Dilema EBT, Ketahanan Energi & Ketersedian Listrik Murah

Robertus Andrianto, CNBC Indonesia
Jumat, 16/09/2022 16:35 WIB

Jakarta, CNBC Indonesia - Dunia berupaya mengkonversi energi fosil menjadi energi hijau untuk keberlangsungan bumi di masa depan dan menyelamatkan bumi dari perubahan iklim.

Negara-negara harus lebih serius menggarap proyek Energi Baru Terbarukan (EBT) karena biaya yang jauh lebih mahal dibanding energi fosil. Jika langkahnya tidak tepat bisa saja rencana green energy hanyalah wacana di atas kertas semata dan terbengkalai.

Badan Energi Internasional (IEA) dalam laporan Net Zero Emission 2050 menunjukkan peran EBT di masa depan akan lebih krusial dibanding saat in yang masih didominasi oleh energi fosil.


IEA menjabarkan tahap-tahap secara rinci dalam mencapai NZE 20205. Pada 2030 seluruh pembangunan EBT untuk mencapai energi bersih telah terbangun. Sebanyak 60% penjualan mobil di dunia adalah mobil listrik.
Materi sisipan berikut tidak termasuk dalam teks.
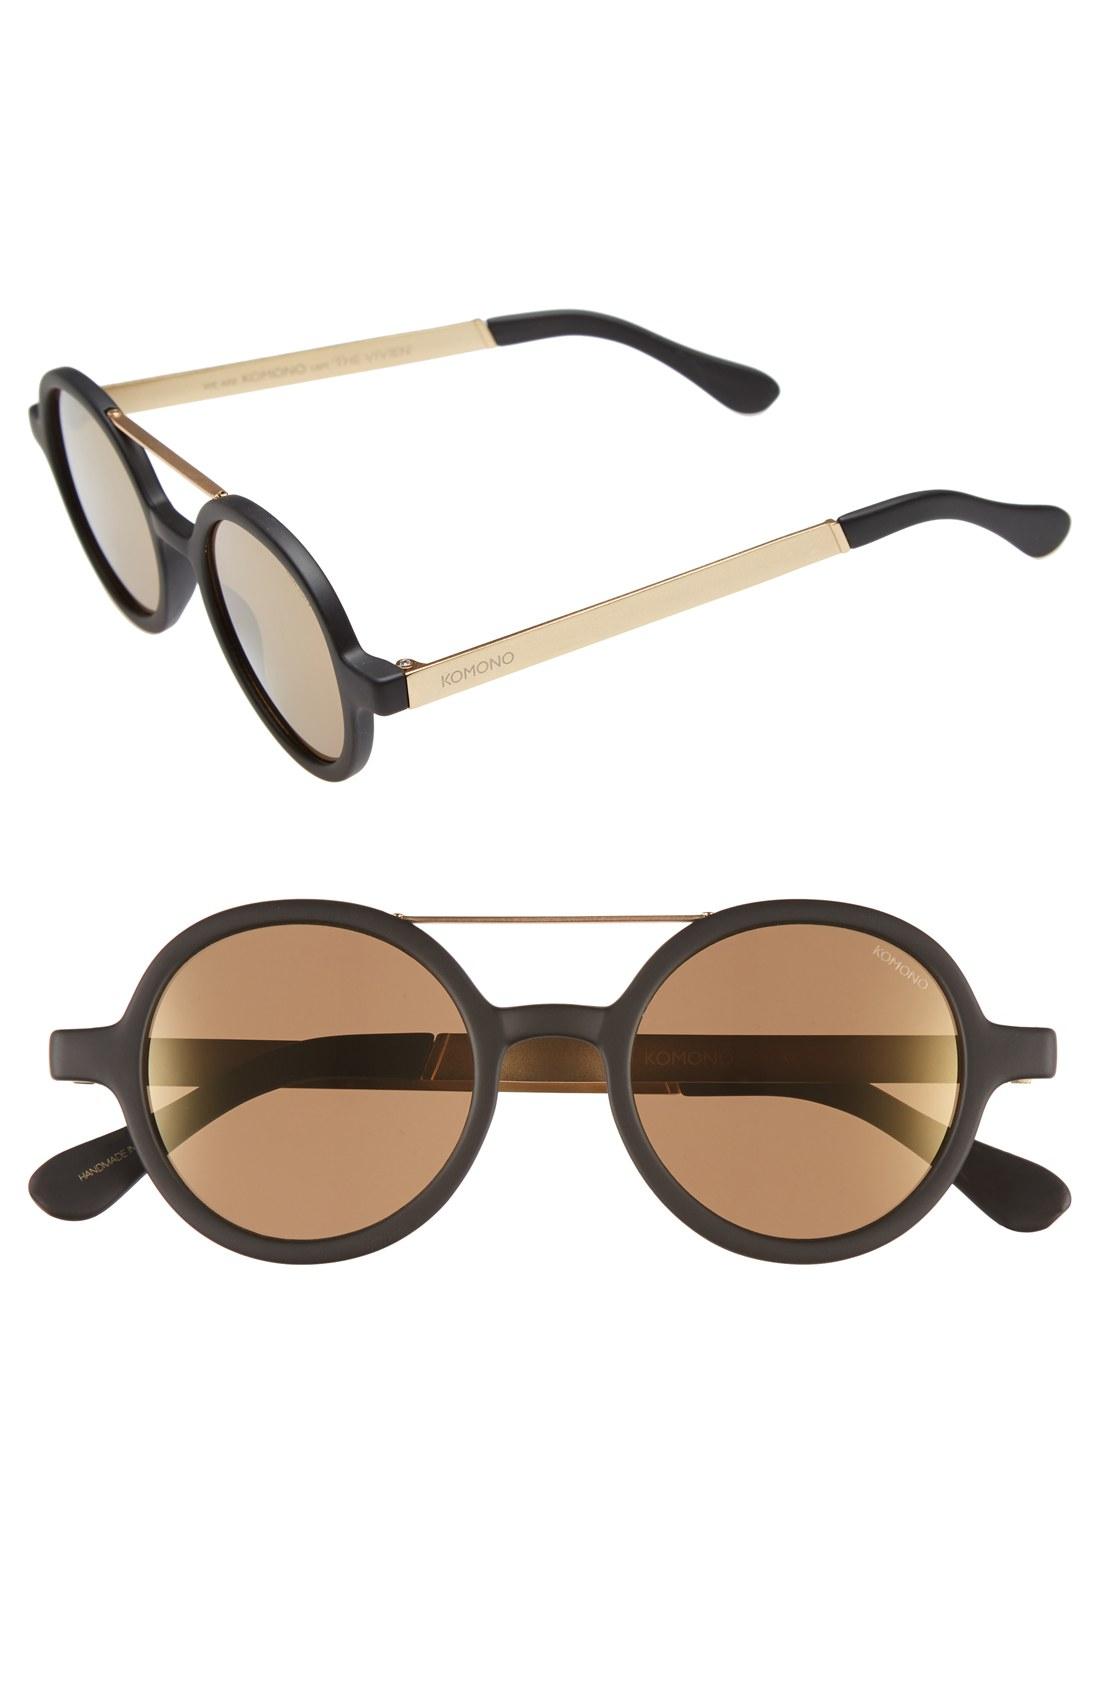 d5394ed65 Komono 'Vivien' Round Lens Sunglasses | Nordstrom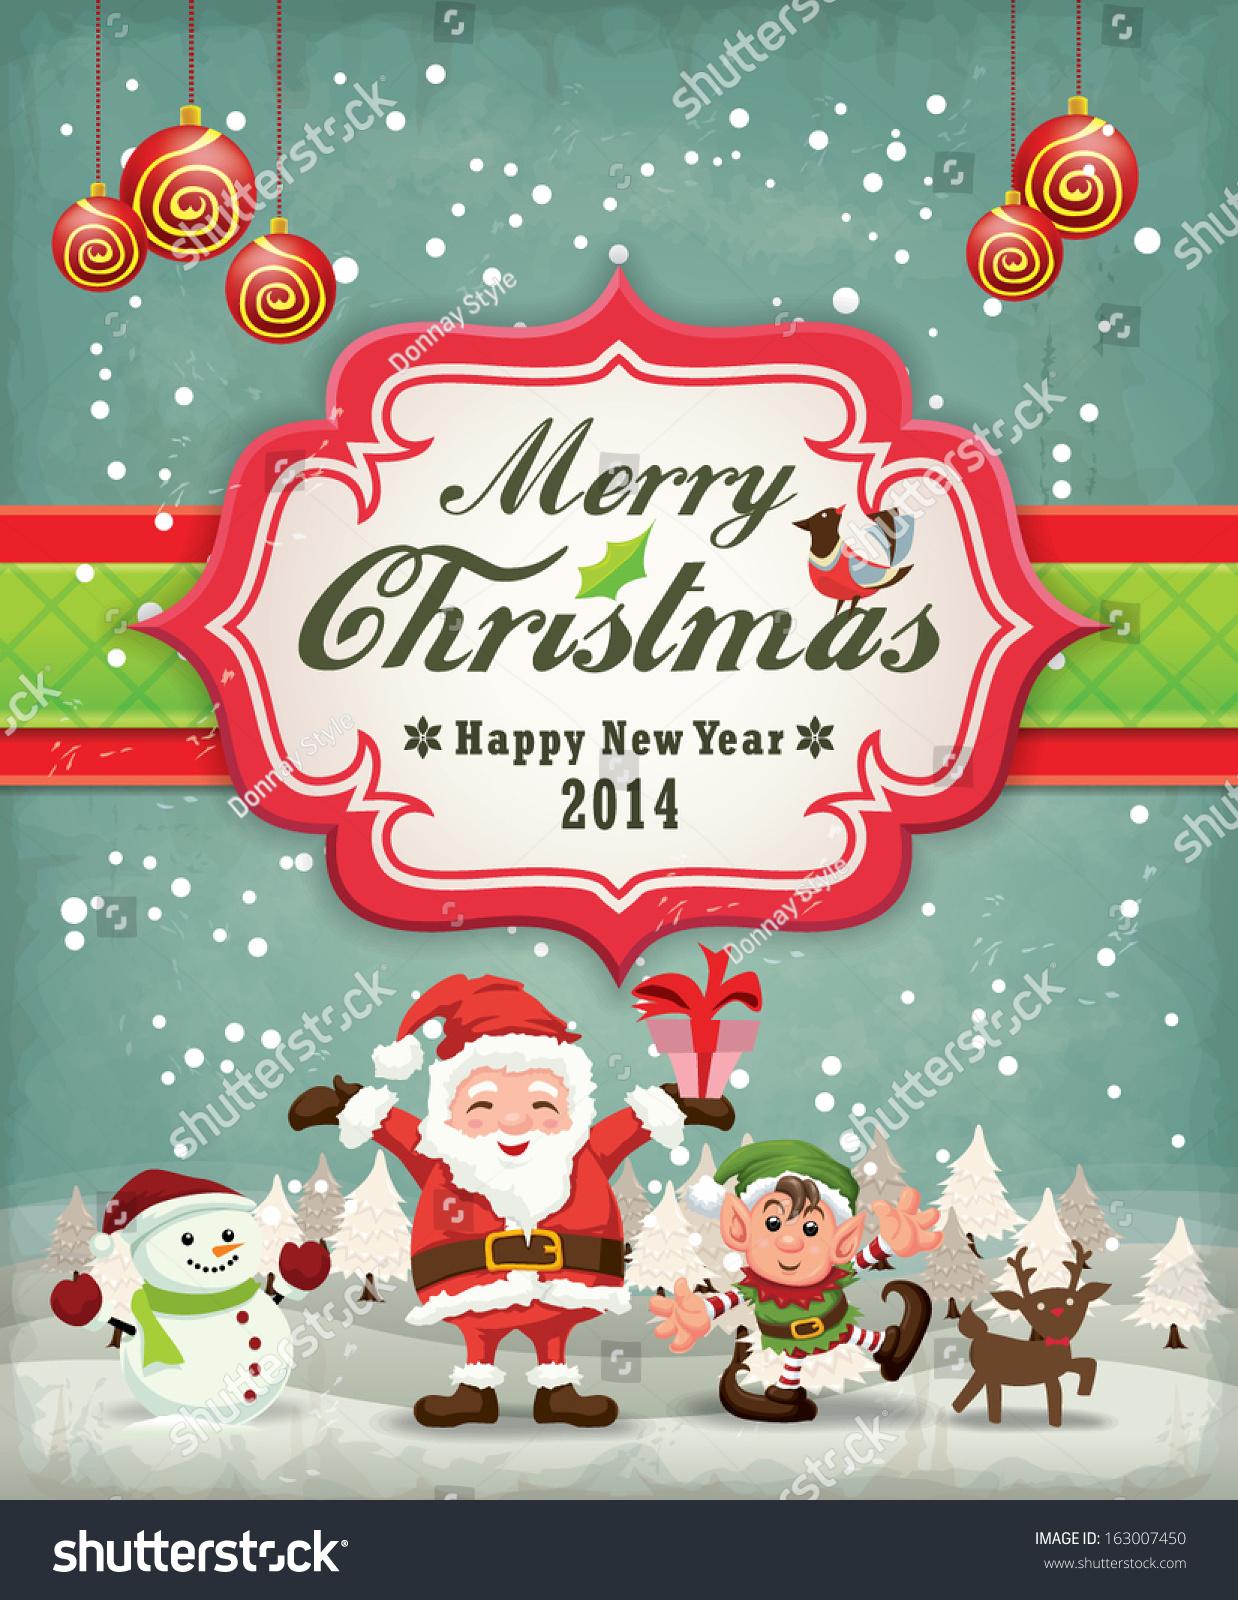 Xmas poster design - Vintage Christmas Poster Design With Santa Claus

Teknologi industri berat juga mulai mulai menggunakan teknologi EBT. Negara ekonomi maju pun memasuki fase penghapusan bertahap batu bara. Di sisi lain energi surya dan angin menambahkan energi sebanyak 1.020 giga watt (GW).

Sepuluh tahun setelahnya atau 2040, sebanyak 50% energi ada bangunan adalah nol karbon dan 50% bahan bakar yang digunakan dalam penerbangan adalah energi rendah emisi. Pada tahun ini, lisytrik secara global telah mencapai NZE. Ini tak lepas dari pembangkit listrik tenaga batu bara dan minyak masuk ke fase non aktif.

Puncaknya pada 2050, lebih dari 85% bangunan yang ada sudah menggunakan energi rendah karbon dan hampir 70% pembangkit listrik dunia adalah berasal dari tenaga surya dan angin.

Bauran energi pada 2050 jauh lebih beragam daripada saat ini. Menurut catatan IEA pada 2020 minyak berkontribusi terhadap 30% total pasokan energi global. Sementara batu bara sebesar 26% dan gas 23%. Sementara sisanya merupakan energi lain seperti energi angin, surya, bio-energi, nuklir, air, dan lainnya.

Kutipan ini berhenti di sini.